Specificity (True Negative Rate)

“Given that the true class is negative, how often did we predict negative?”

  • Focuses on the true – group
  • Measures how well the model avoids false positives
    \[ \text{Specificity} = \frac{\text{correctly predicted –}}{\text{total true –}} = \frac{\text{TN}}{\text{TN} + \text{FP}} \]

Positive Predictive Value (PPV / Precision)

“Given that we predicted positive, how often was that correct?”

  • Focuses on the predicted + group
  • Measures trustworthiness of a positive prediction \[ \text{PPV} = \frac{\text{correctly predicted +}}{\text{total predicted +}} = \frac{\text{TP}}{\text{TP} + \text{FP}} \]

Negative Predictive Value (NPV)

“Given that we predicted negative, how often was that correct?”

  • Focuses on the predicted – group
  • Measures trustworthiness of a negative prediction
    \[ \text{NPV} = \frac{\text{correctly predicted –}}{\text{total predicted –}} = \frac{\text{TN}}{\text{TN} + \text{FN}} \]

Why So Many Metrics?

Different metrics highlight different aspects of model performance and practical priorities, which can be especially helpful with imbalanced datasets.

Example: Predicting whether a patient needs high-risk surgery

  • positive class = needs surgery
  • negative class = does not need surgery

Suppose:

  • Sensitivity = 90% → correctly detects 90% of patients who need surgery
  • Specificity = 90% → correctly identifies 90% of those who don’t need surgery
  • PPV = 47% → only 47% of patients predicted to need surgery actually do
  • NPV = 98.9% → almost all patients predicted not to need it truly don’t

Doctors need PPV to decide: “How much trust should I put in a positive prediction?”
Even with high sensitivity and specificity, prevalence affects PPV and NPV.

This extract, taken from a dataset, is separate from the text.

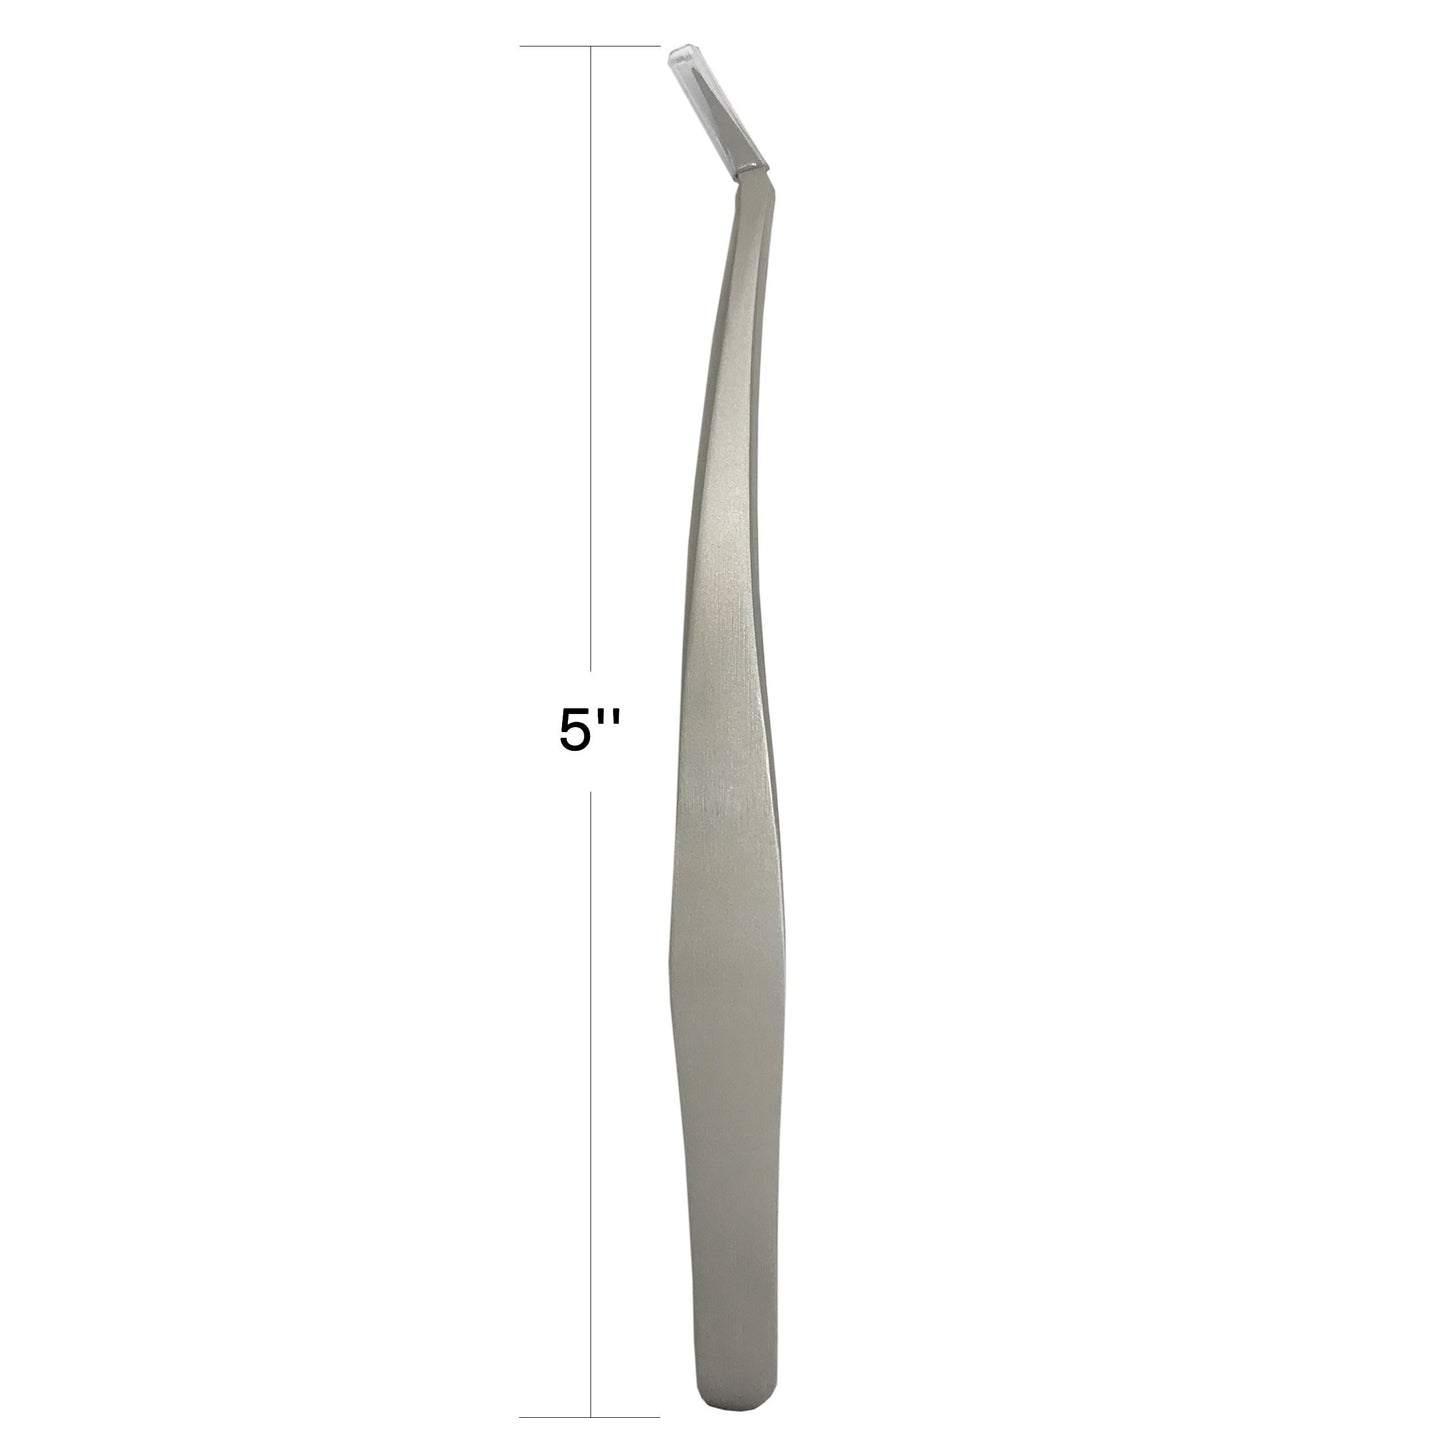 Stainless Steel Eyelash Extension Curved Tweezers - eHair Outlet
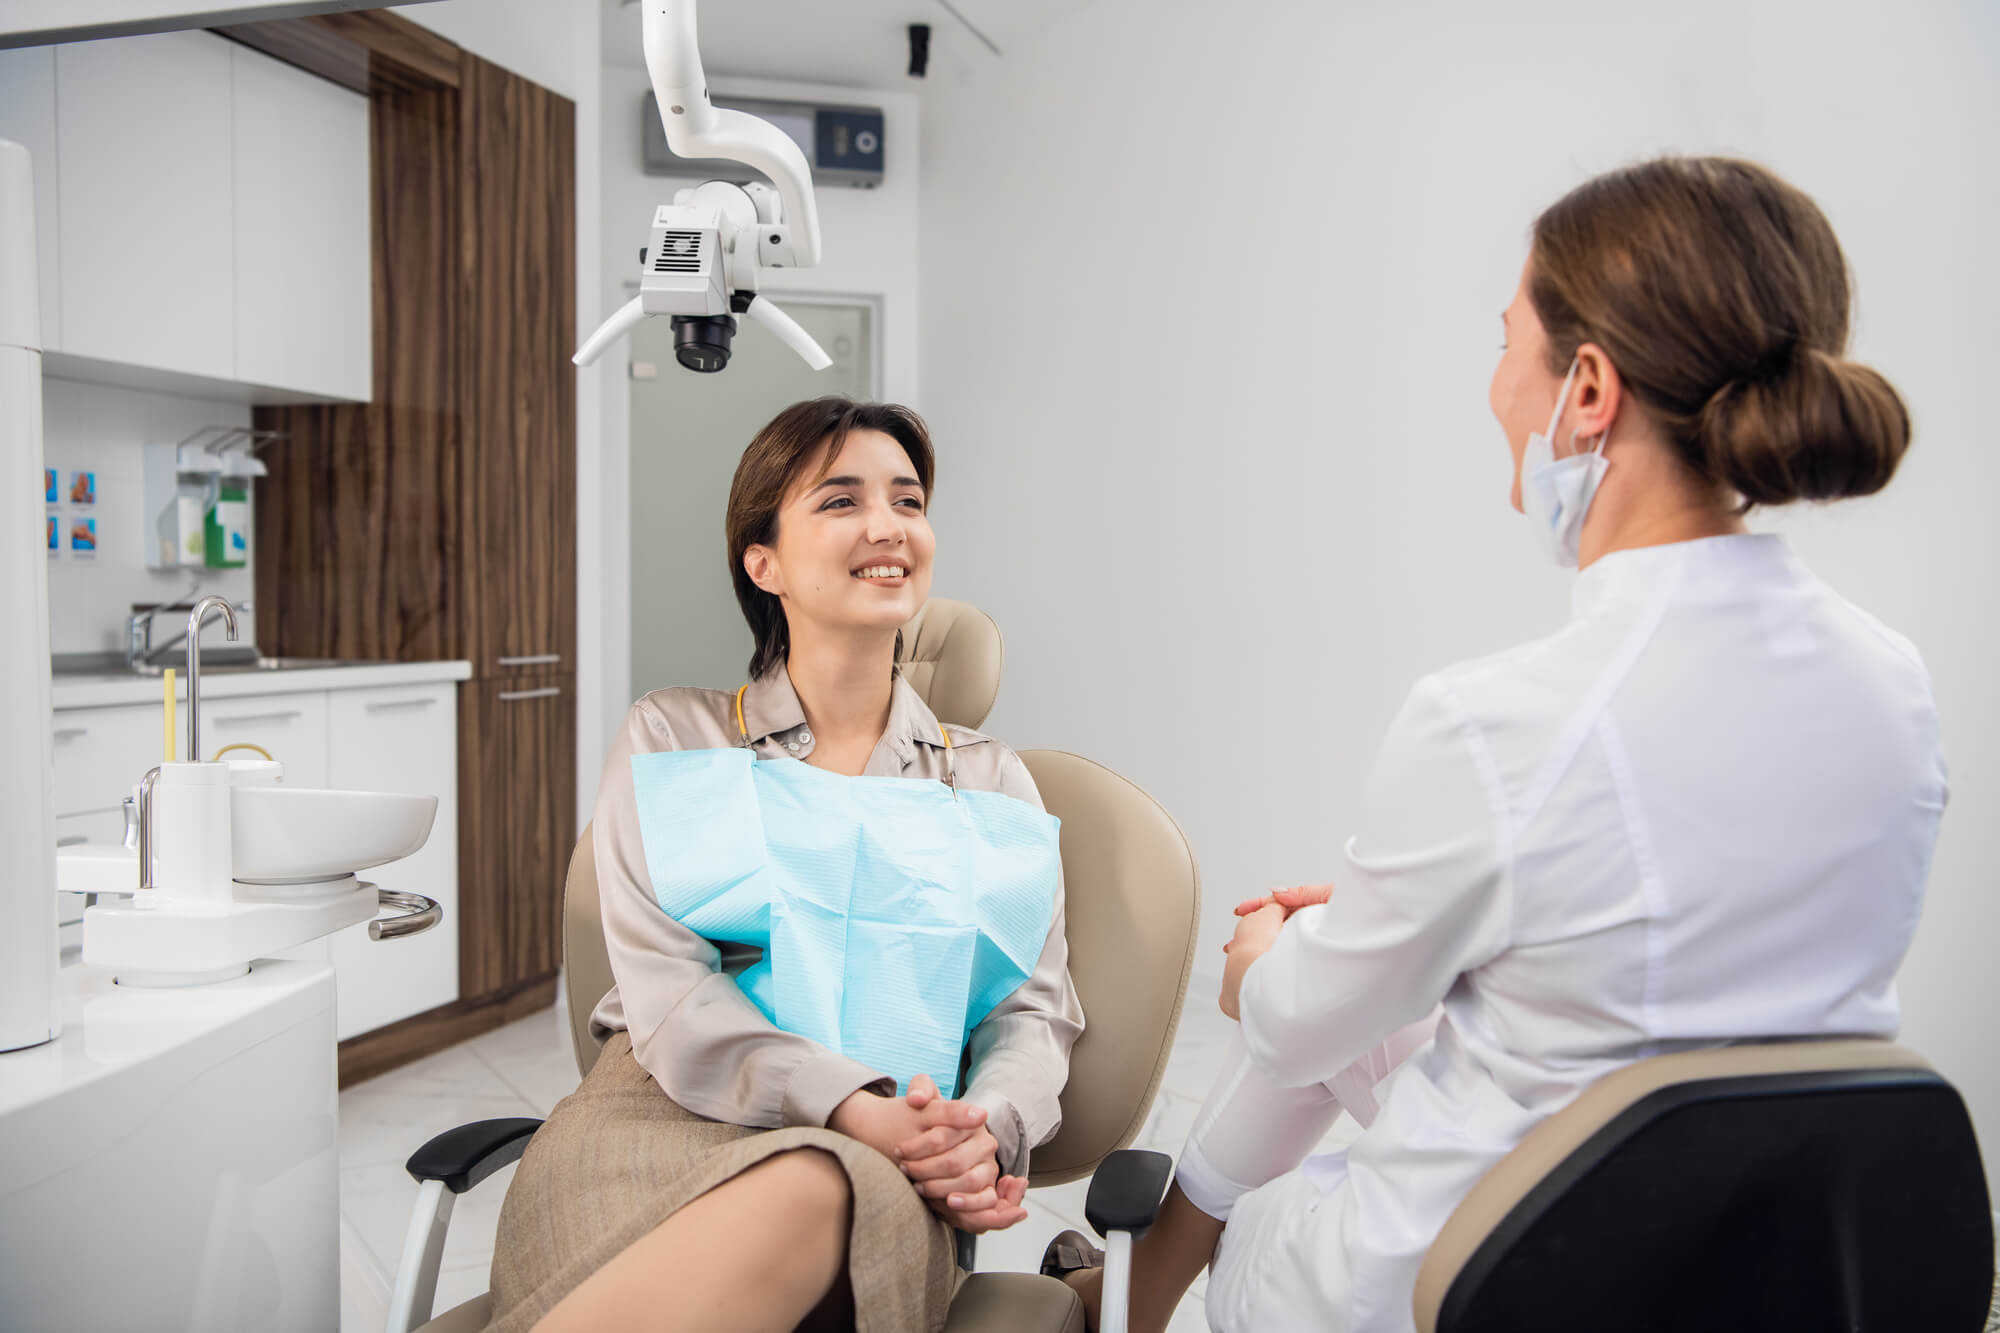 A woman at the dentists office chatting to her doctor and smiling with a toothy smile

Prevalence and Thresholding

  • Prevalence: The base rate of the + class in the population
    • e.g., 1 in 10 people need surgery → prevalence = 10%
  • Sensitivity and specificity do not depend on prevalence
  • PPV and NPV do depend on prevalence

Changing the Threshold

  • Thresholding affects the confusion matrix and all related metrics.
  • A lower threshold → more positive predictions:
    • Increases sensitivity, reduces specificity
  • A higher threshold → fewer positive predictions:
    • Increases specificity, reduces sensitivity

Choose a threshold based on costs of different errors.

Summary and Takeaways

  • Scoring rules assess probability estimates.
  • Decision rule metrics evaluate classifications.
  • Confusion matrices and derived metrics:
    • Depend on threshold
    • Must reflect real-world context and costs

Errors are not always equal. In many applications, the cost of a false positive is different from a false negative.

  • Focus first on thorough EDA and building a model with good predicted probability estimates.
  • Then determine the threshold that best meets the needs of the problem.